> **GIVEN INFORMATION**
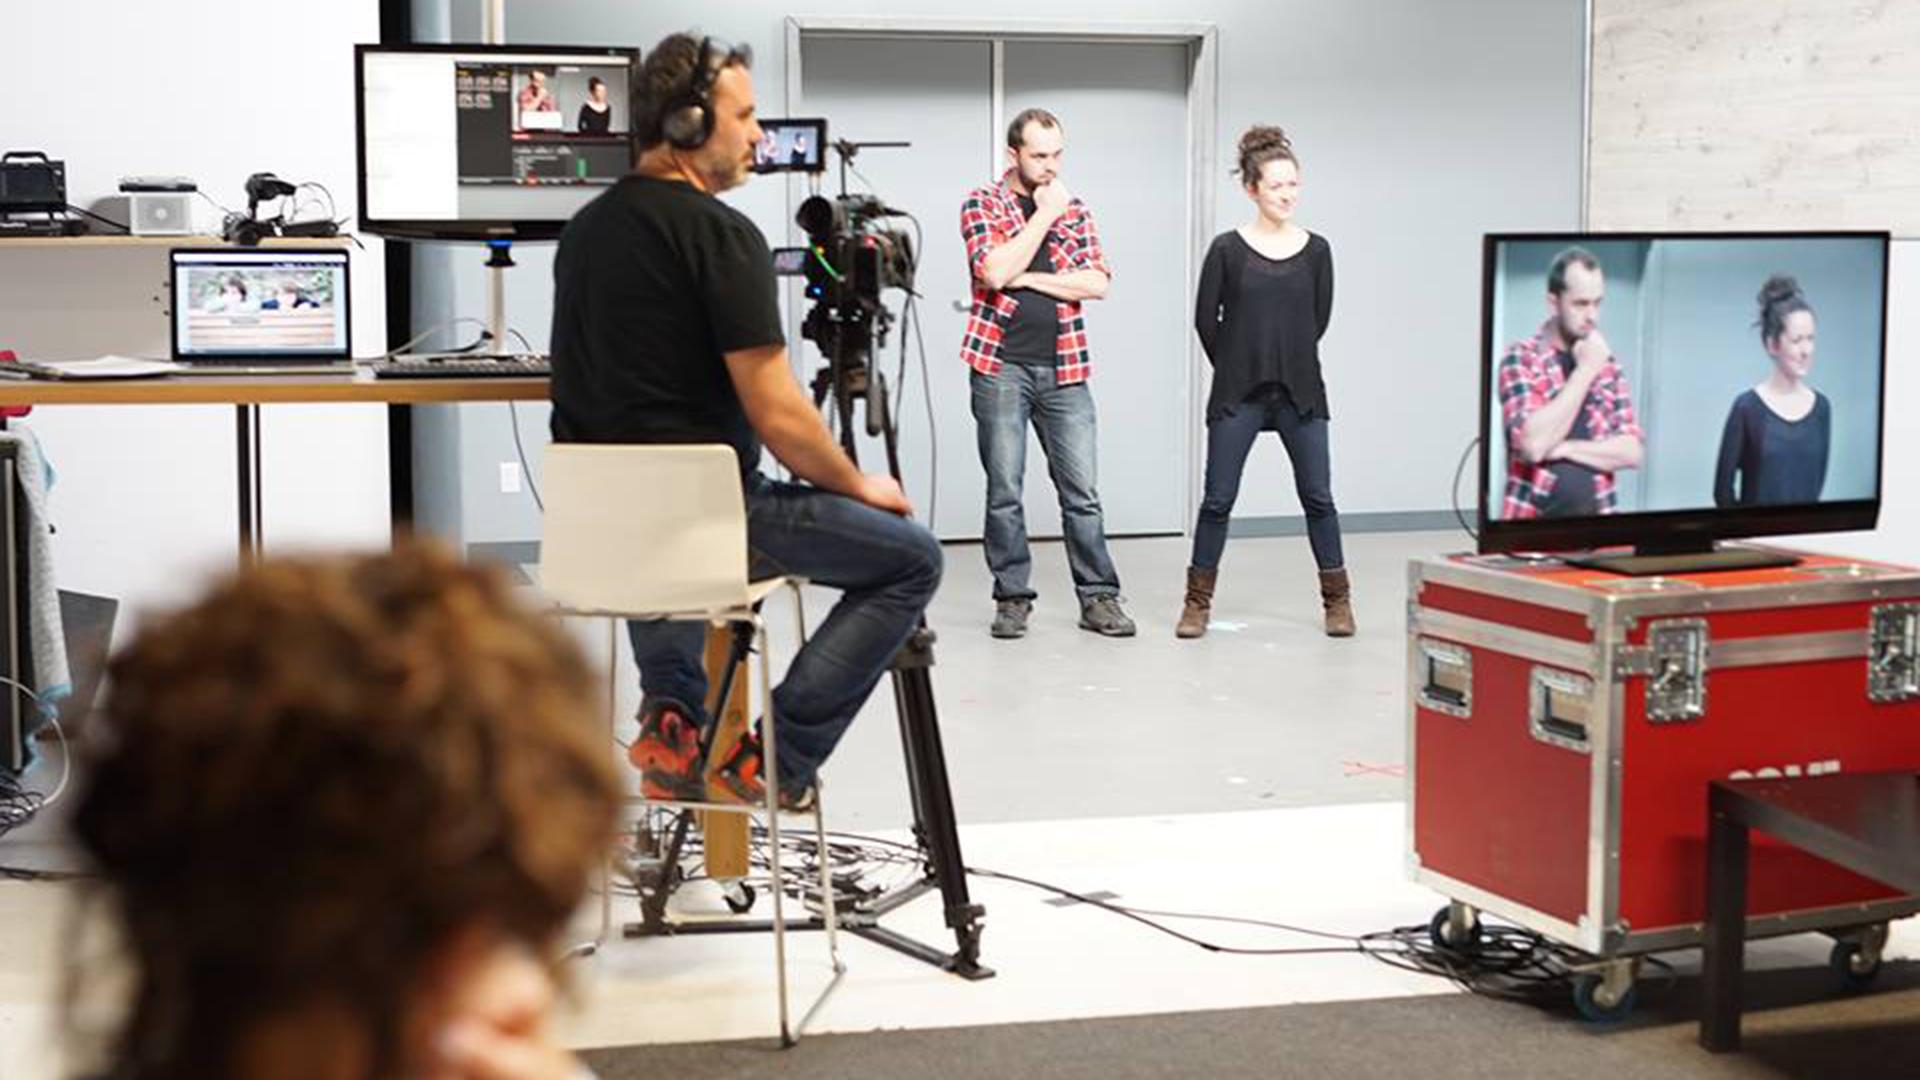 Préparation des acteurs à une audition pour la publicité
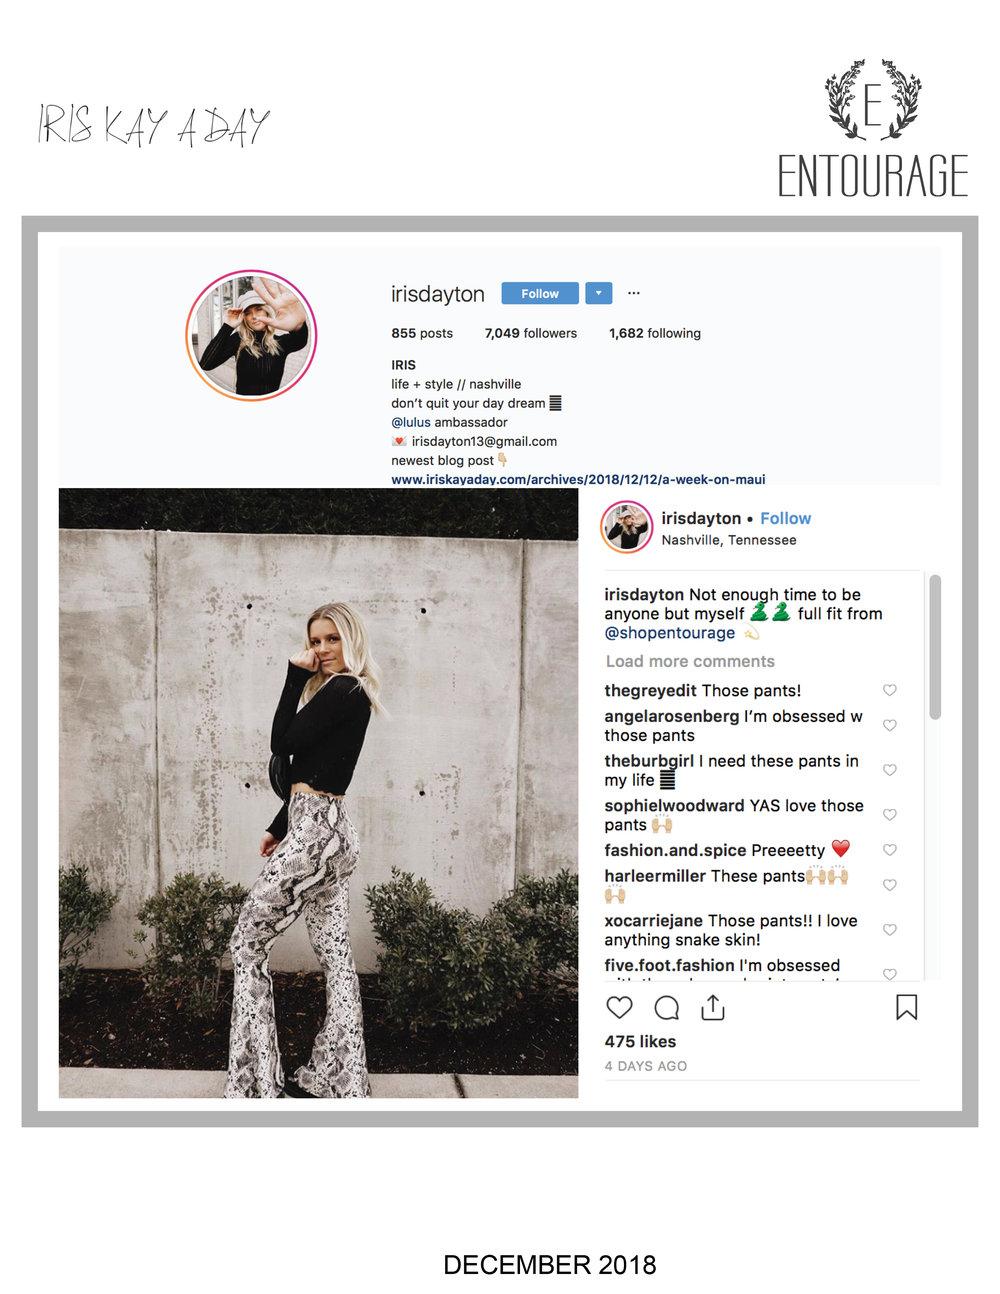 Entourage_IrisDayton_December2018.jpg
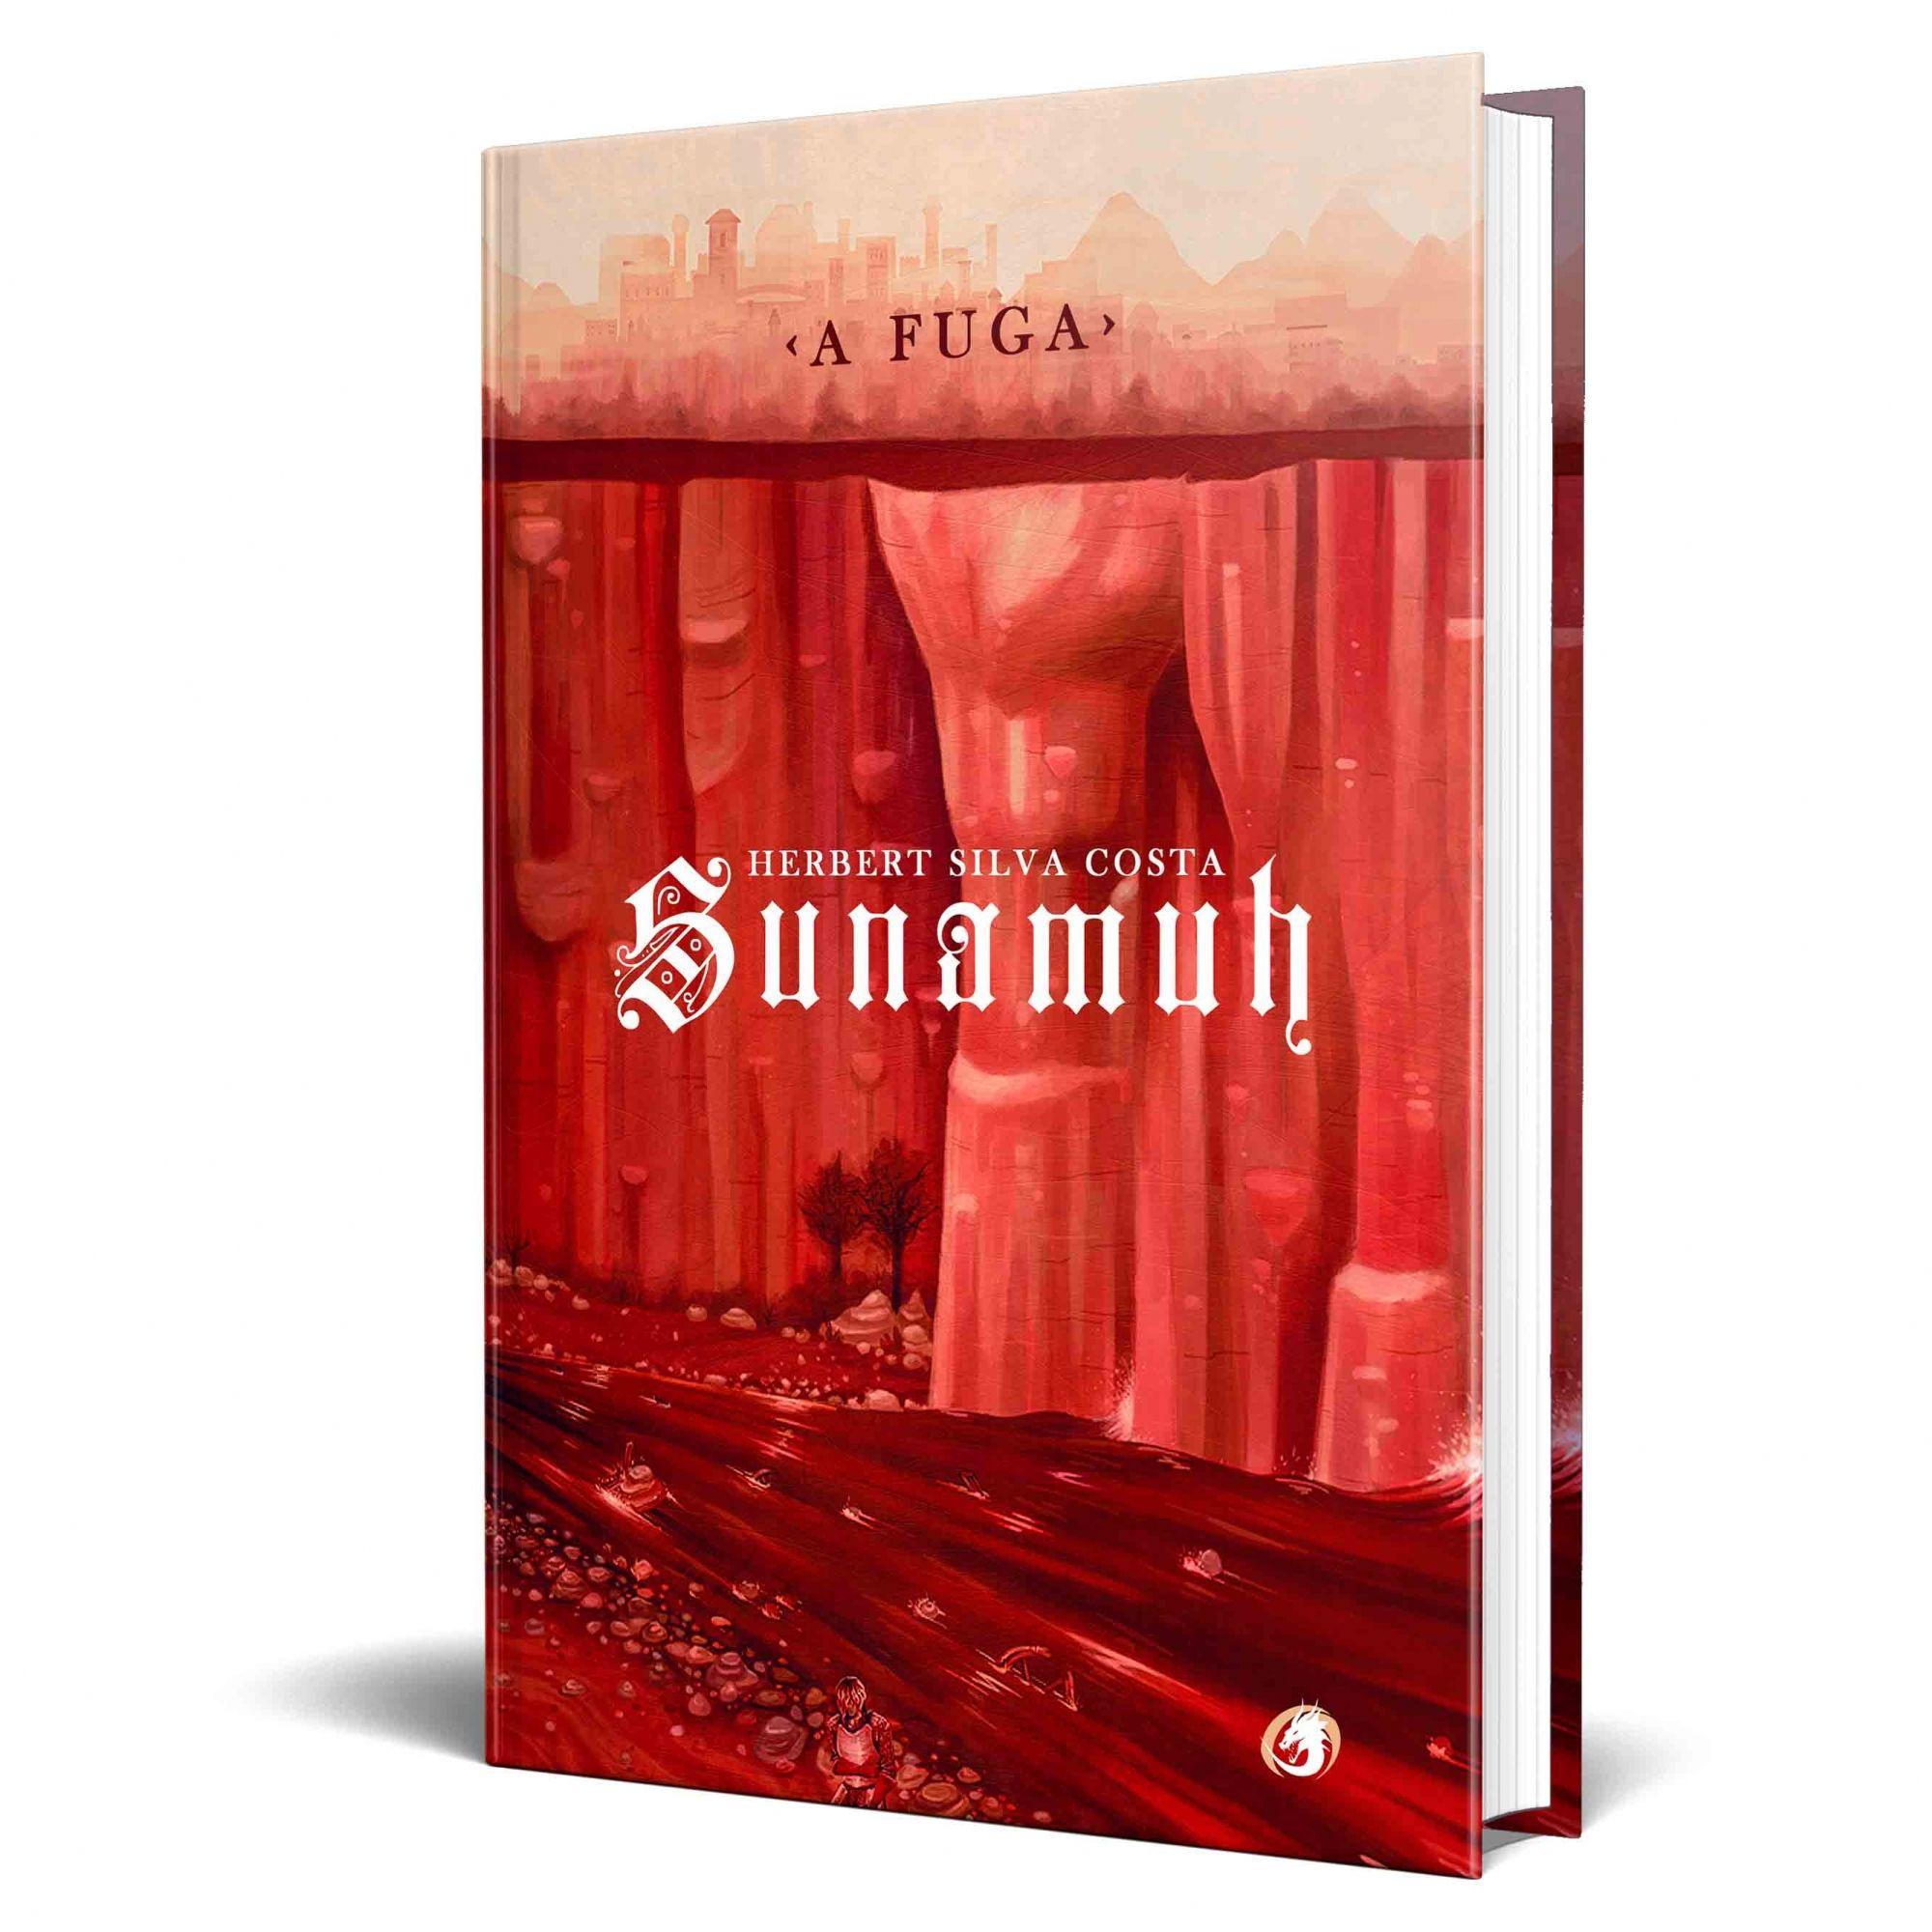 Livro Sunamuh - A Fuga

> **ACTIVITY**
The listing must be returned in full and exactly, apart from its pictures.

> **SOLUTION FOR THIS TASK**
 Préparation des acteurs à une audition pour la publicité
 Entourage_IrisDayton_December2018.jpg
 Livro Sunamuh - A Fuga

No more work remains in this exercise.